4. Scrutinize the donors. Museums have been getting in trouble for donations for decades. Donations of art are tax deductible, and have often been a means for tax fraud at museums. Museums have also used donors to launder recently looted art. (See Chap 2: A Perfect Scheme) Some museums have lower standards when it comes to objects donated to the museum.

5. Ask for answers: Once you see an object the sparks your curiosity, ask the museum for answers about the object’s provenance, or ownership history. Most museums should (reluctantly) provide you with what they know. If they claim to have no information, ask them why they felt it was safe to purchase. The AAMD has guidelines for museum transparency on these issues. Is your museums following them?

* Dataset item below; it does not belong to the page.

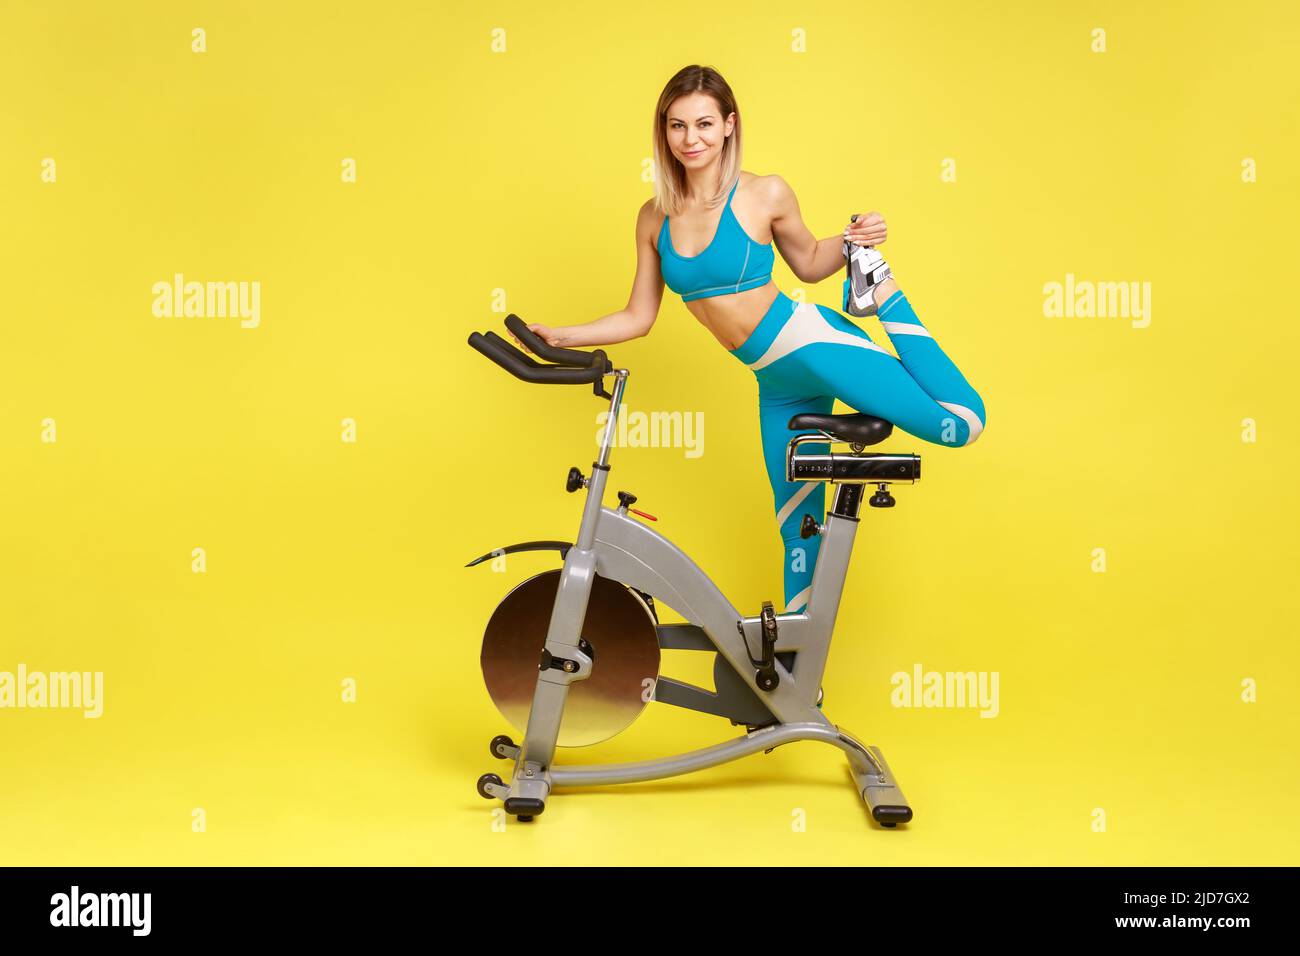 Ritratto completo di donna sottile con corpo perfetto in piedi su una gamba della cyclette, guardando la fotocamera, indossando abbigliamento sportivo blu. Studio interno girato isolato su sfondo giallo. Foto Stock
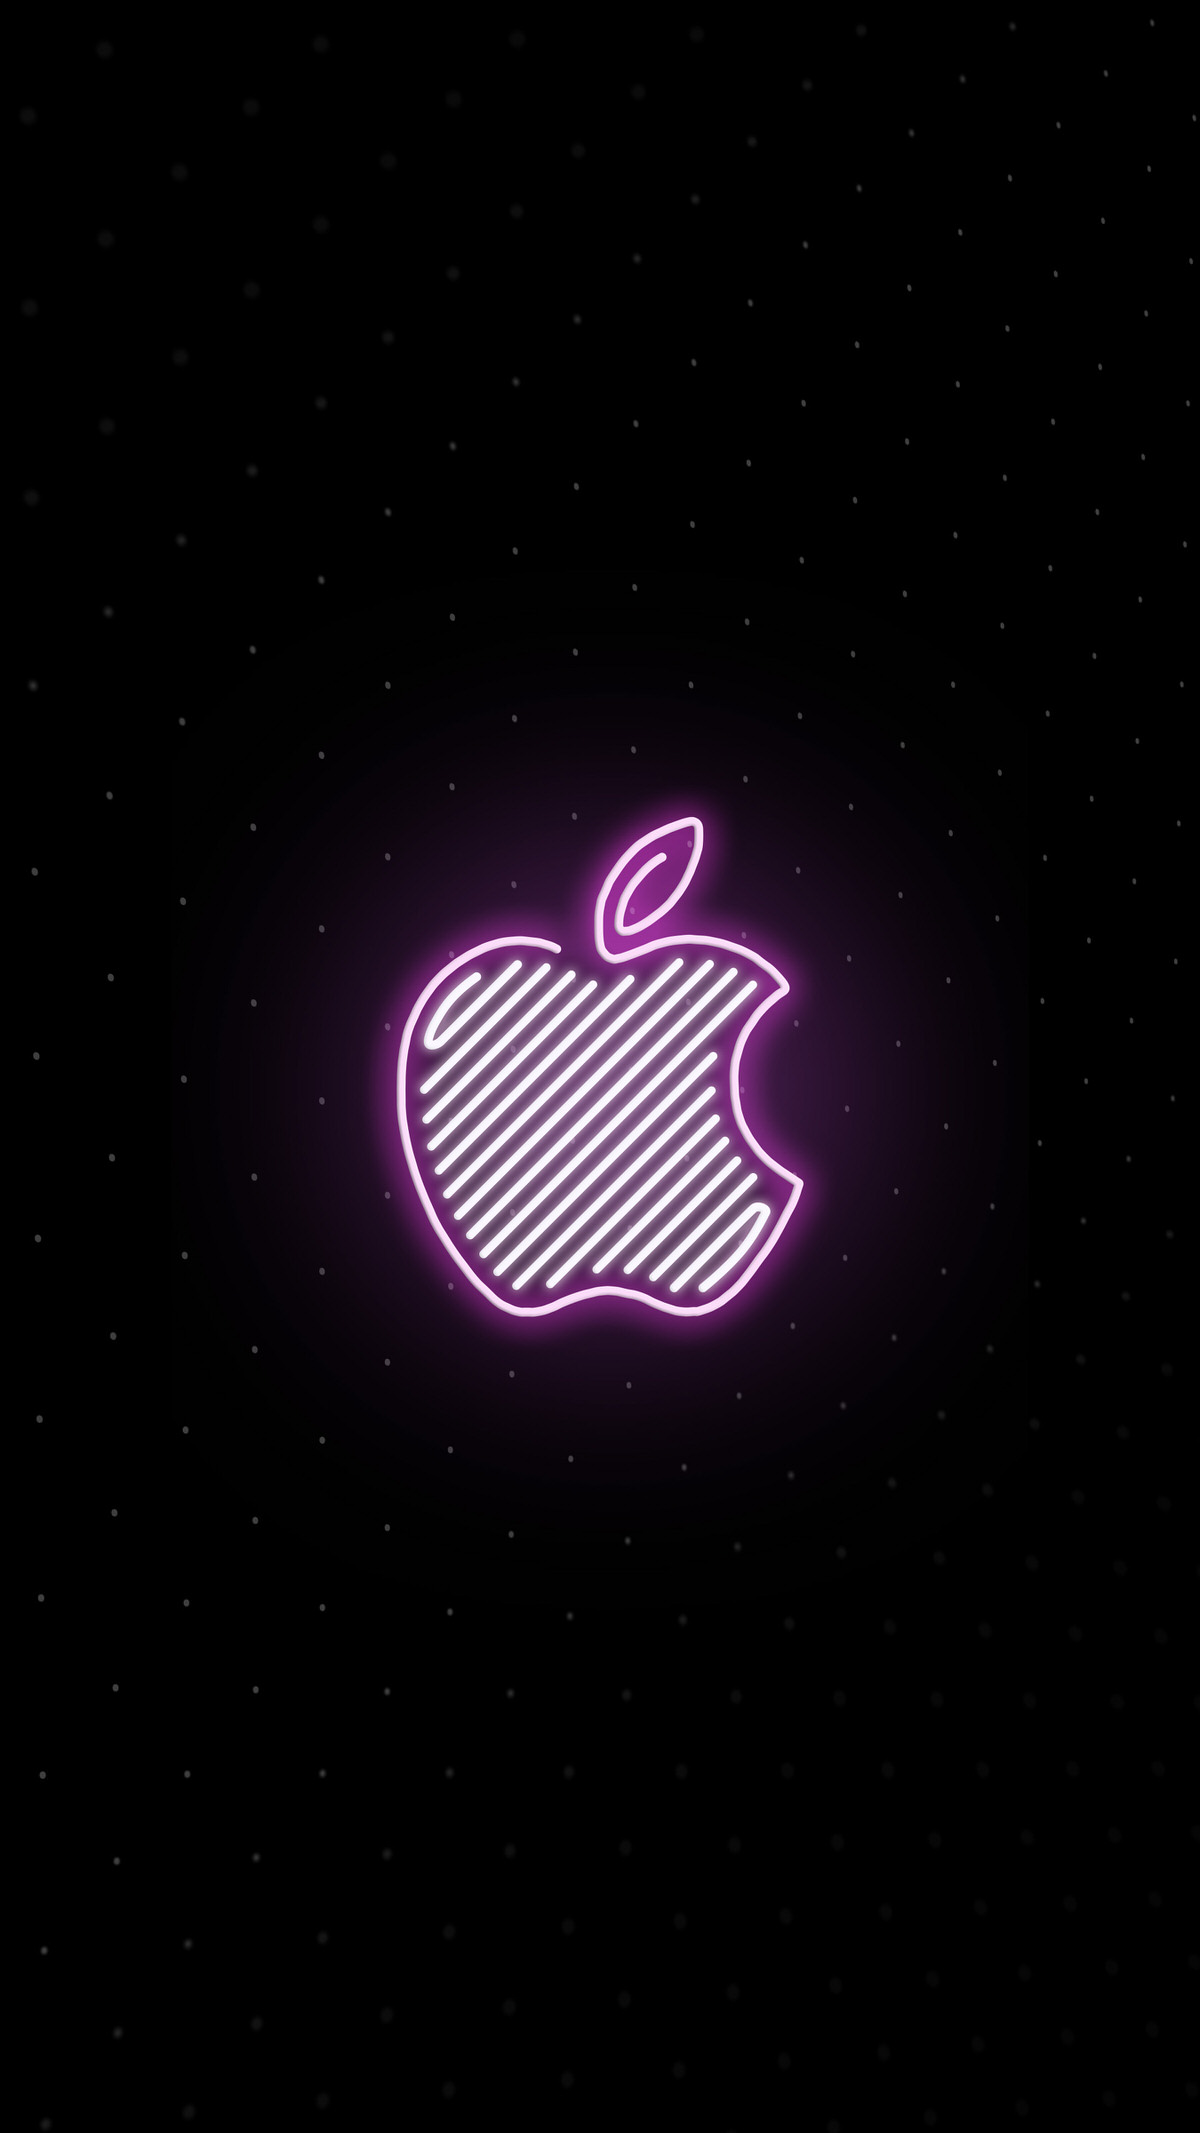 Apple 新宿 のロゴをあしらった壁紙が公開 Iphone Ipad Macに対応

In our view, not all looted antiquities need be returned to the country from which they were stolen. (The Getty, for example, returned only a fraction of the hundreds of objects in their collection its former curator would consider “almost certainly looted.”) But museums should be asked to come clean about their collecting practices.

Joining us on Friday’s panel will be Lee Rosenbaum of CultureGrrl fame, and James Grimaldi, the WaPo’s lead reporter on the Smithsonian’s shenannigans.